Bitcoin has Higher Volatility as Compared to Real Estate
While availability in the real estate business is limited, it is nearly instantaneous with Bitcoin. You can smoothly trade your tokens from anywhere in the world at any time. Apart from that, real estate has a governmental process for buying, selling, and renting, which crypto does not have. If you need to cash out on your investments, especially in an emergency, crypto makes it much easier. A property would most likely take several months to sell at the price you choose.
Investing in Bitcoin is Less Costly and Faster than Investing in Real Estate
Purchasing real estate involves costly transactions as well as ongoing maintenance fees. During the year, real estate investors are expected to pay the usual costs such as inspection fees, HOA fees, appraisal fees, insurance, property taxes, and closing charges.
In addition, the property may require maintenance and repairs at times.

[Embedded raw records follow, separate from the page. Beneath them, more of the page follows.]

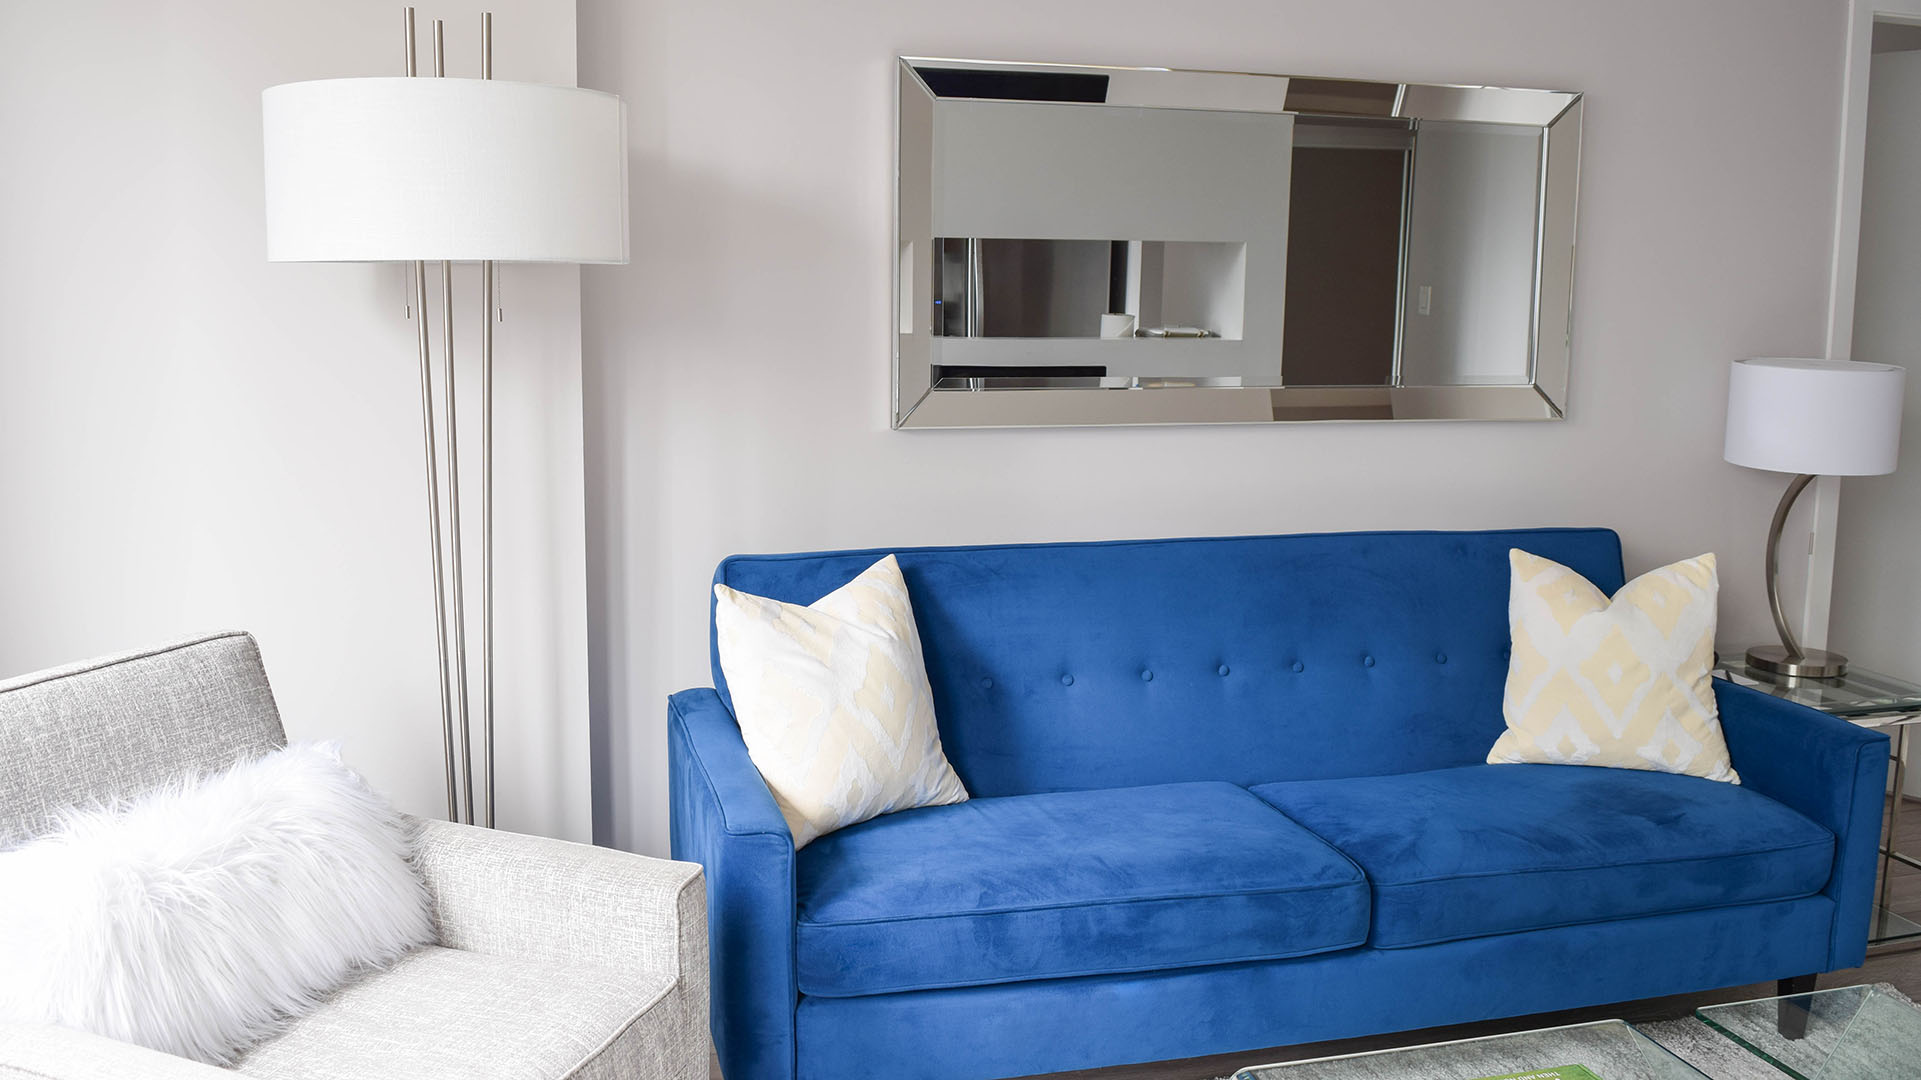 Blue sofa, light grey chair, and a wall mirror in the living room of apartment 302-1288 West Georgia, at the Residences on Georgia.
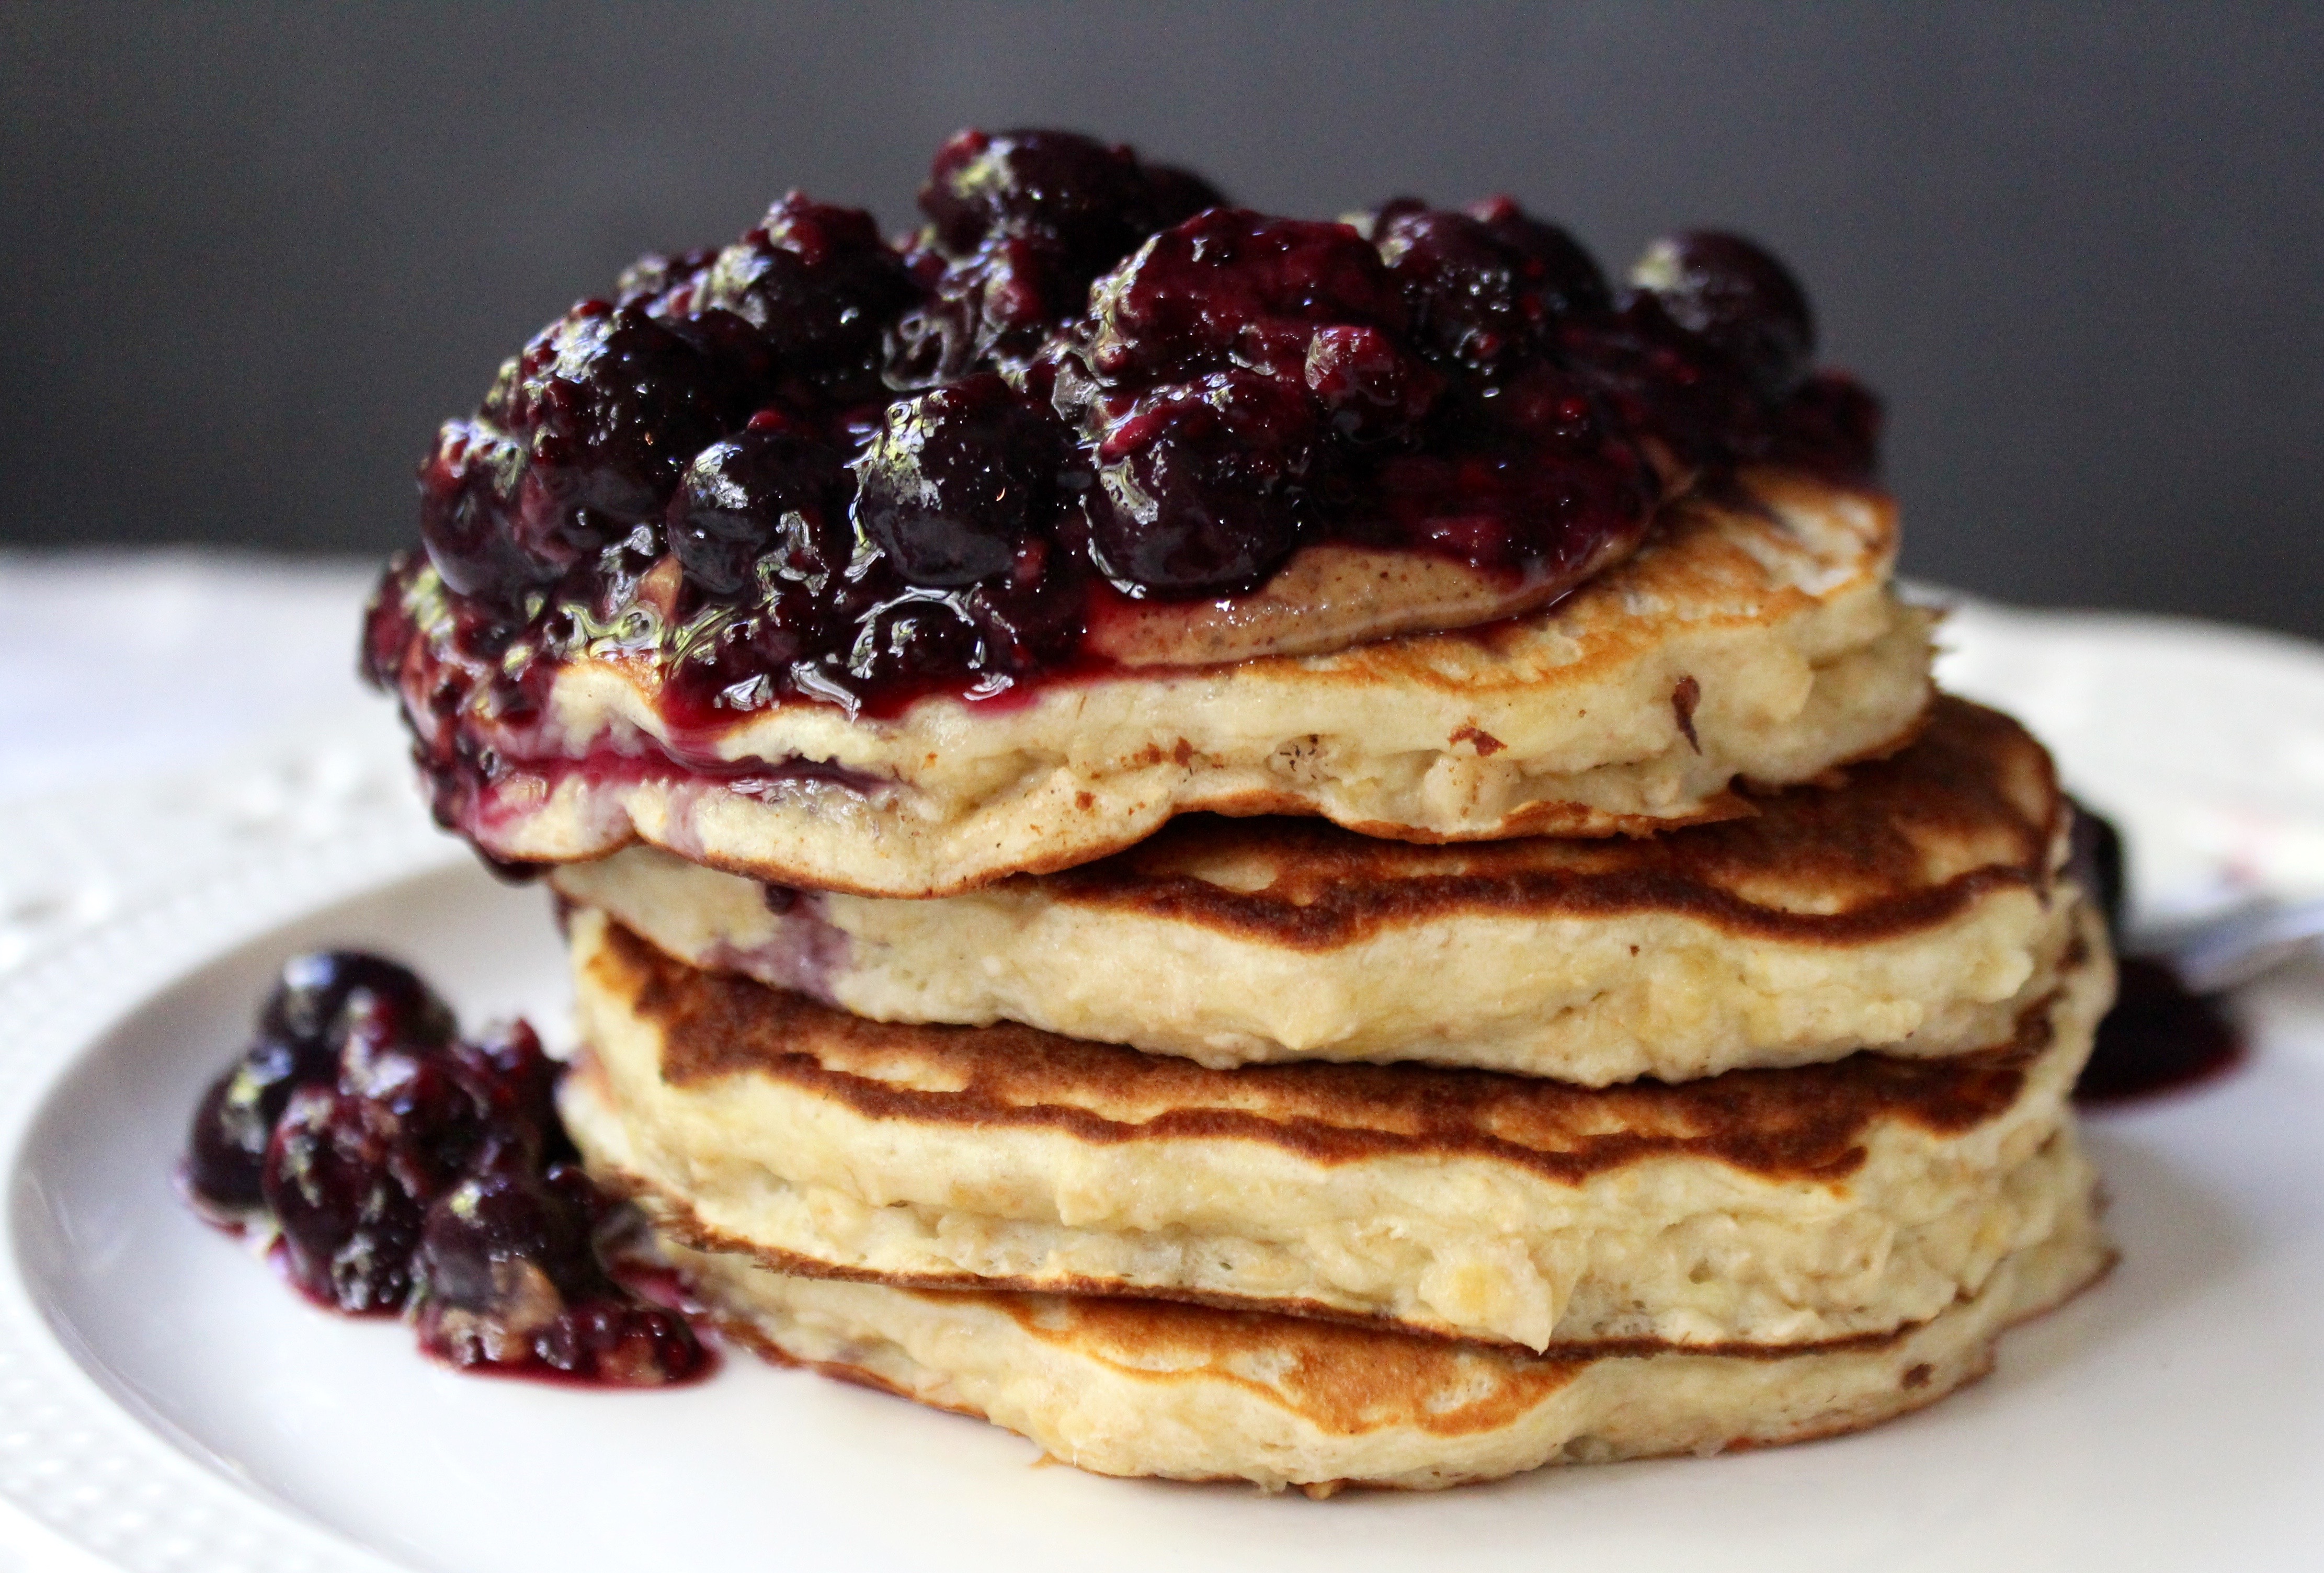 Banana Oatmeal Pancakes with Mixed Berry Compote
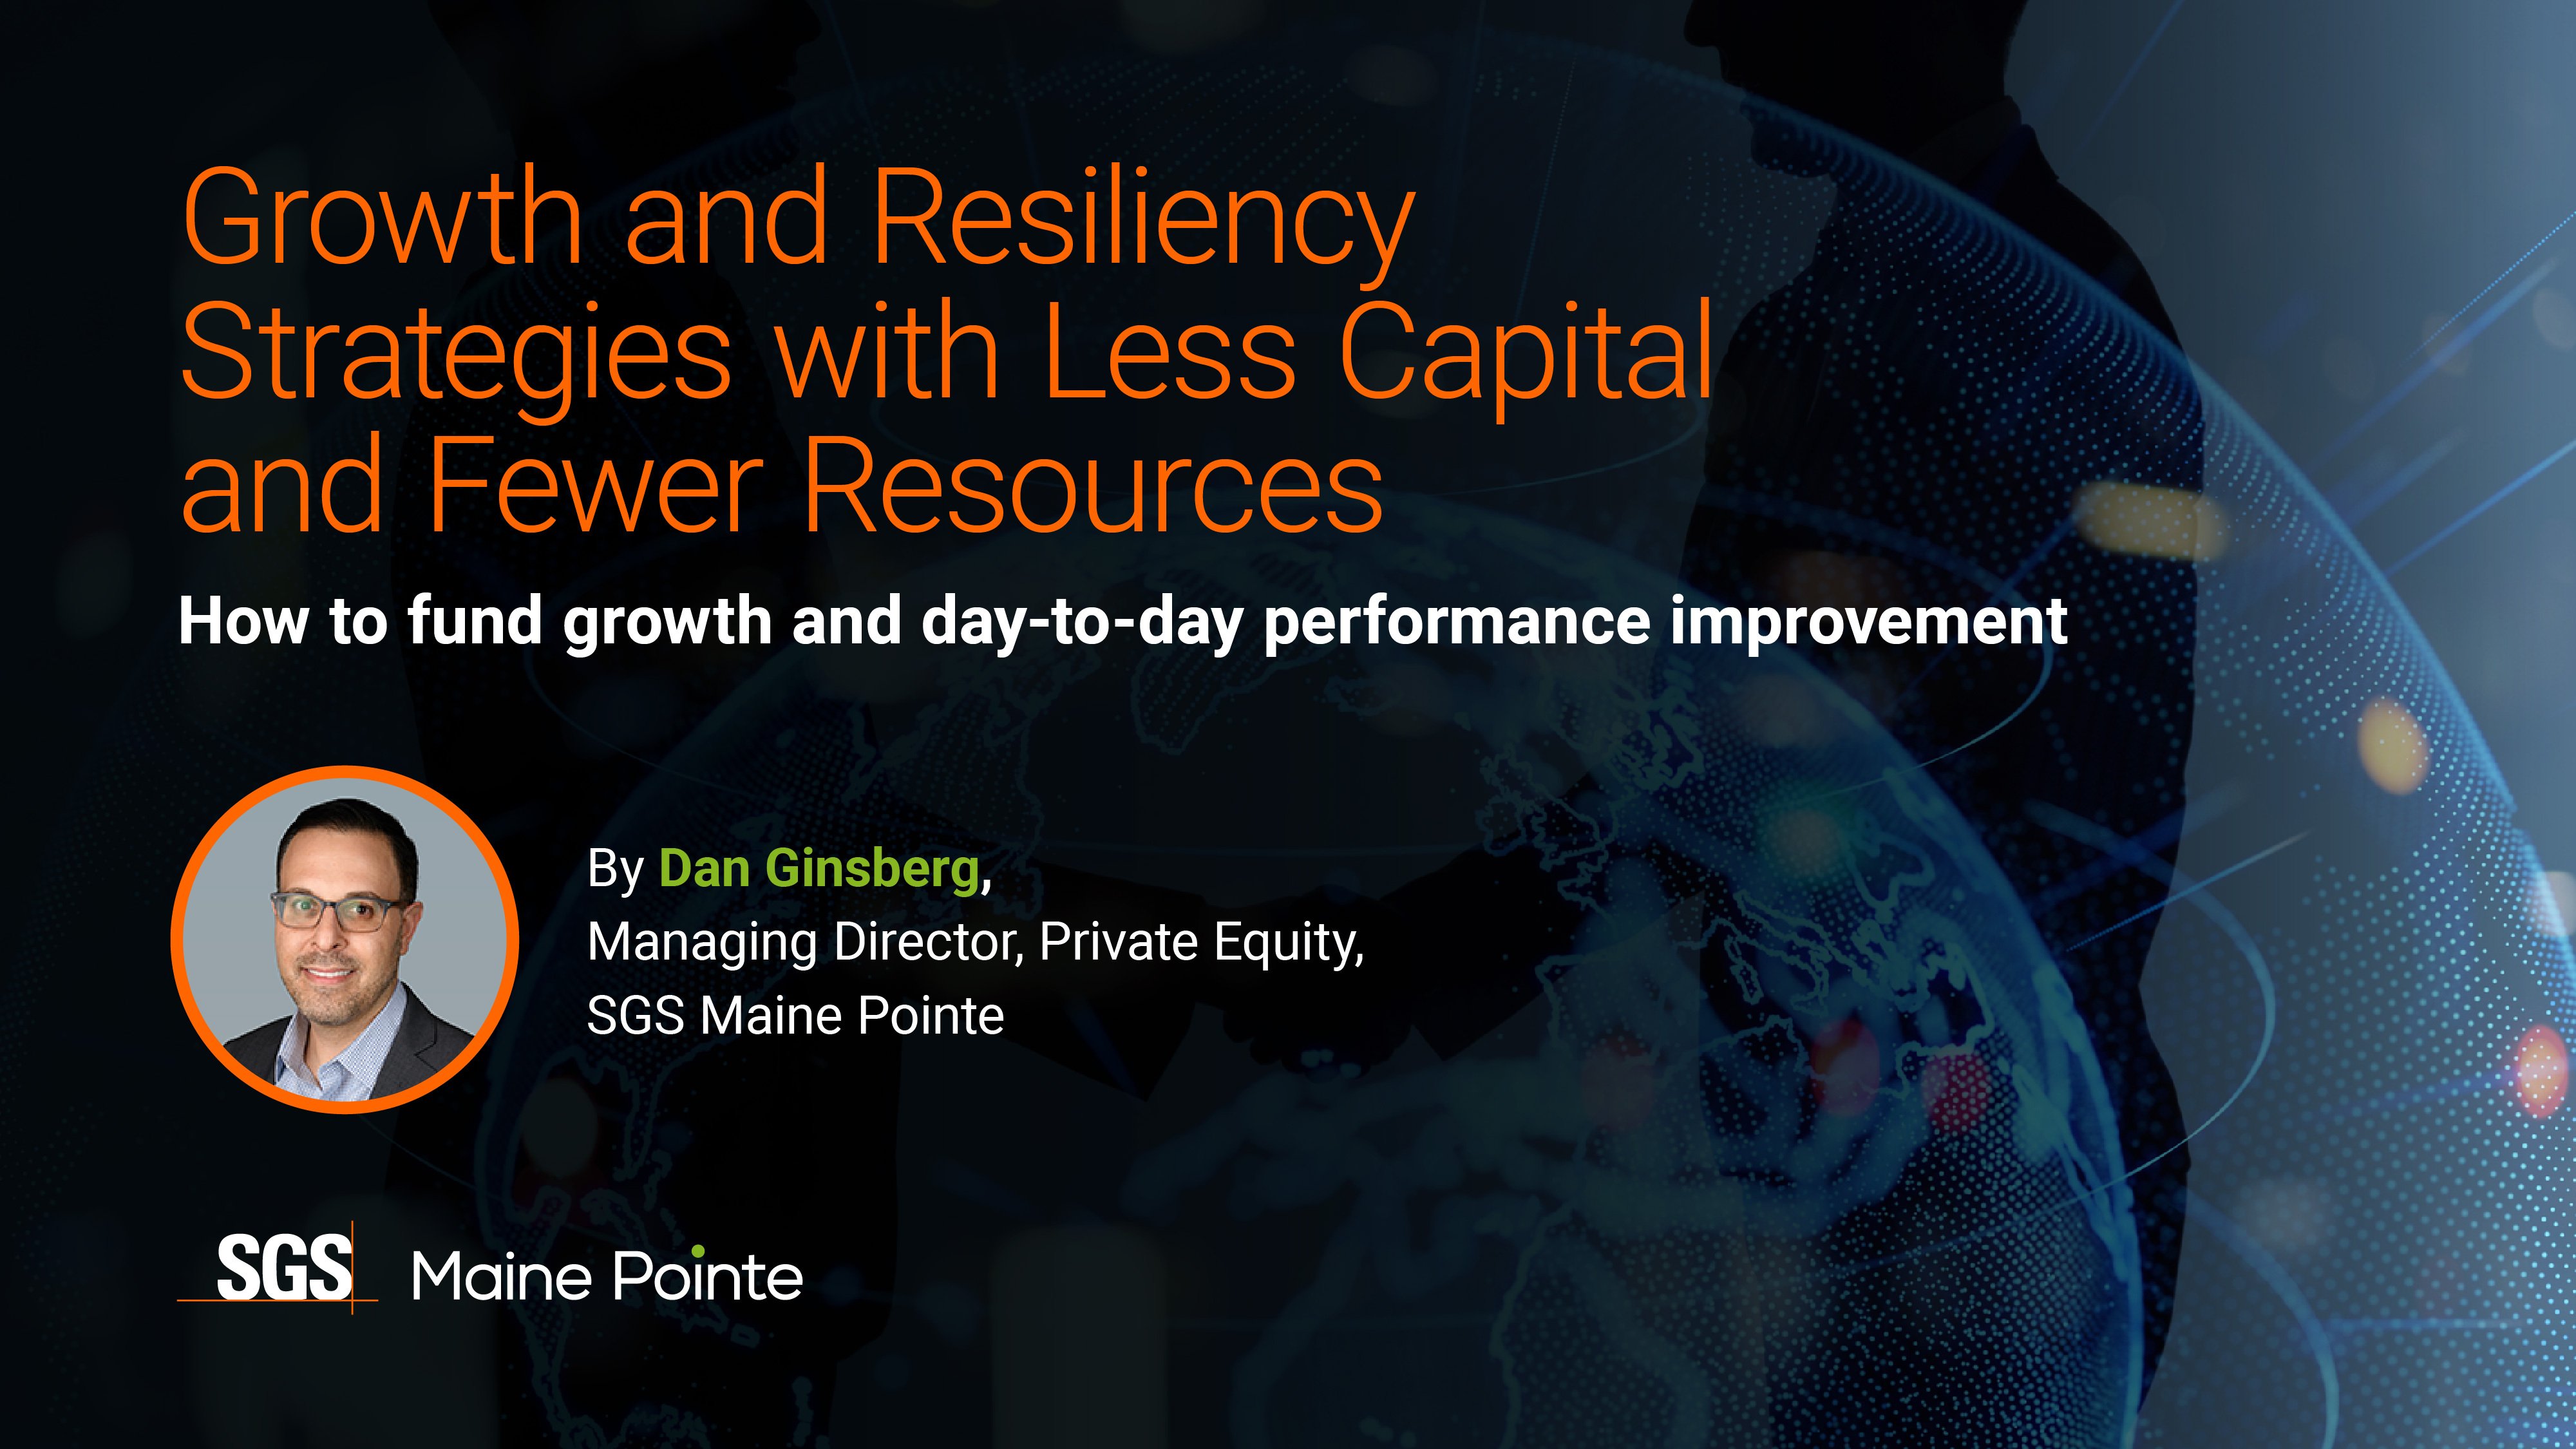 Growth and Resiliency Strategies with Less Capital and Fewer Resources

To buy Bitcoin or any other cryptocurrency, simply open an account with an exchange (such as Coinbase), transfer your funds, and place an order, which is completed fairly instantly.
Wrap up
The simple fact is that there are no tenants, toilets, or trash in crypto to deal with when investing in real estate. It is up to you to decide whether to invest in cryptocurrencies or real estate.
However, there are significant advantages to employing cryptocurrency for real estate investors and property managers.
Your investment plan should be tailored to how risky you are and perceptions of the markets in which you desire to invest.
There is solid expertise in both real estate and crypto, and currently believe that the latter is a stronger long-term investment.